5 cravings decoded

11 April 2017 by
First published: 17 April 2017

Understanding the reasons behind our carb/sugar/steak hankerings can mean the difference between #dietwin and #dietfail, so here are 5 cravings decoded – because knowledge is power!

1 Chocolate

It’s not uncommon to crave chocolate around the time of your period, and if you find this to be the case, fluctuating oestrogen and progesterone levels could be the culprit – but there’s more. It’s thought that key nutrients are lost through menstruation, one of which is magnesium. Dark chocolate is a source of magnesium, so craving chocolate during your period could be a sign of low magnesium levels. Consult your GP or a qualified nutritionist for advice on magnesium deficiency.

2 Steak

Craving something meaty such as steak – combined with feelings of weakness and fatigue – could be a sign of iron deficiency.
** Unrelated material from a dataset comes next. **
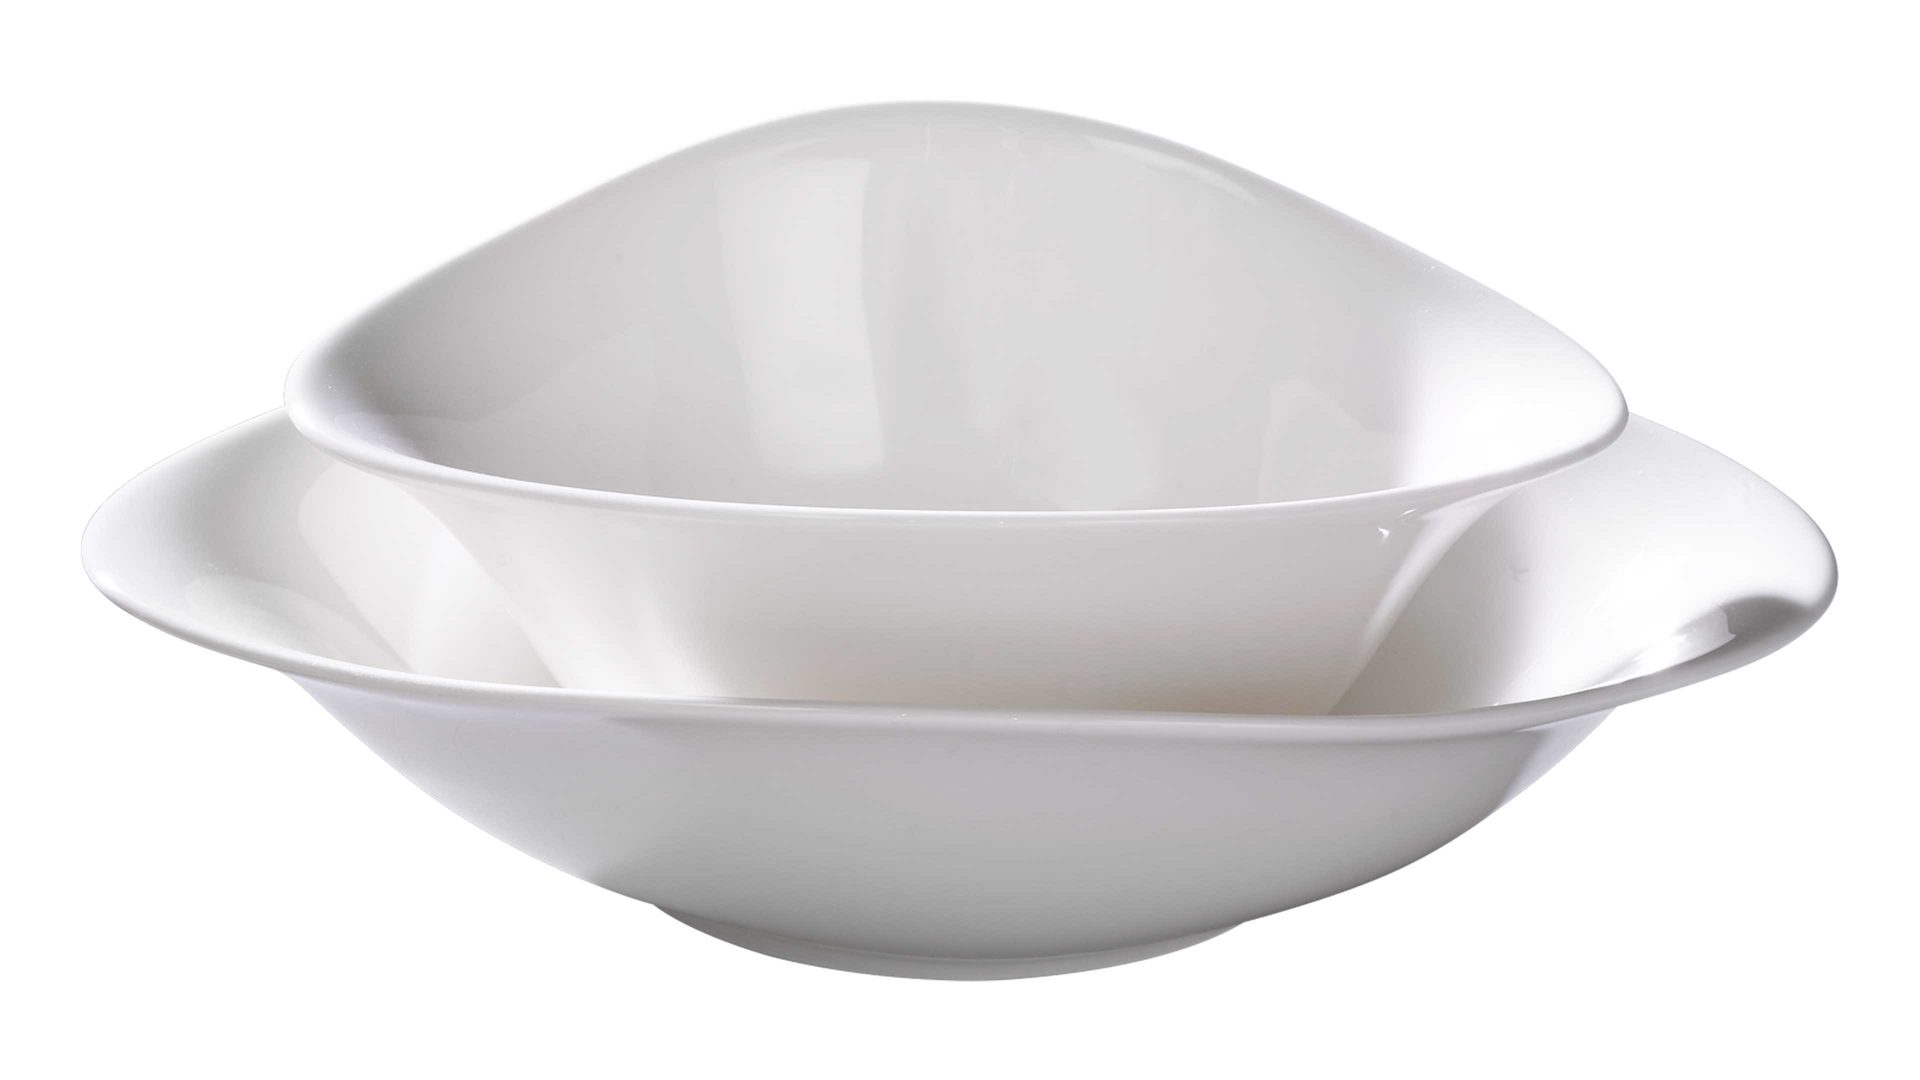 Teller Villeroy & boch aus Keramik in Weiß Villeroy & Boch Vapiano Pasta-Set weißes Premium-Porzellan - vierteilig

Iron is an important mineral needed for red blood-cell formation: it’s a vital component for manufacturing haemoglobin (which carry oxygen around your body), and low iron levels can result in iron-deficiency anaemia. You can request an iron level test from your GP.

3 Sweets

Only five per cent of our diet should come from added sugar, but most of us consume double this amount. One of the reasons we reach for sweets is erratic blood-sugar levels. When these drop too low (often because of missing meals or eating foods that don’t satisfy our hunger properly), your brain senses a threat to survival, and demands that you reach for a sugar fix to provide an immediate energy lift. Instead of sweets, fresh fruit is a great option because it contains fibre, which helps to regulate blood-sugar levels. Stew an apple or munch on sliced pear topped with nut butter.

4 Chips

If an extra-large portion of chips doused in vinegar and salt is calling your name, it might be linked to dehydration. Salt helps the body hold on to water, so we crave it when we’re running low on fluids. Stay hydrated by sipping on water throughout the day. If plain H20 bores you, try adding a squeeze of lemon or a few sprigs of mint to liven it up. And if you really are hankering after a salty treat, seaweed crisps are a good low-calorie but nutrient-packed option.

5 Bread

High-carb foods such as bread boost levels of feel-good serotonin, so if there’s nothing that comforts you more than a chunk of white bread with lashings of butter when you’re feeling down in the dumps, it may be your body’s way of trying to help lift your mood. Ditch refined carbs for healthy alternatives such as a handful of sunflower and pumpkin seeds: these contain tryptophan, a precursor to the manufacturing of serotonin.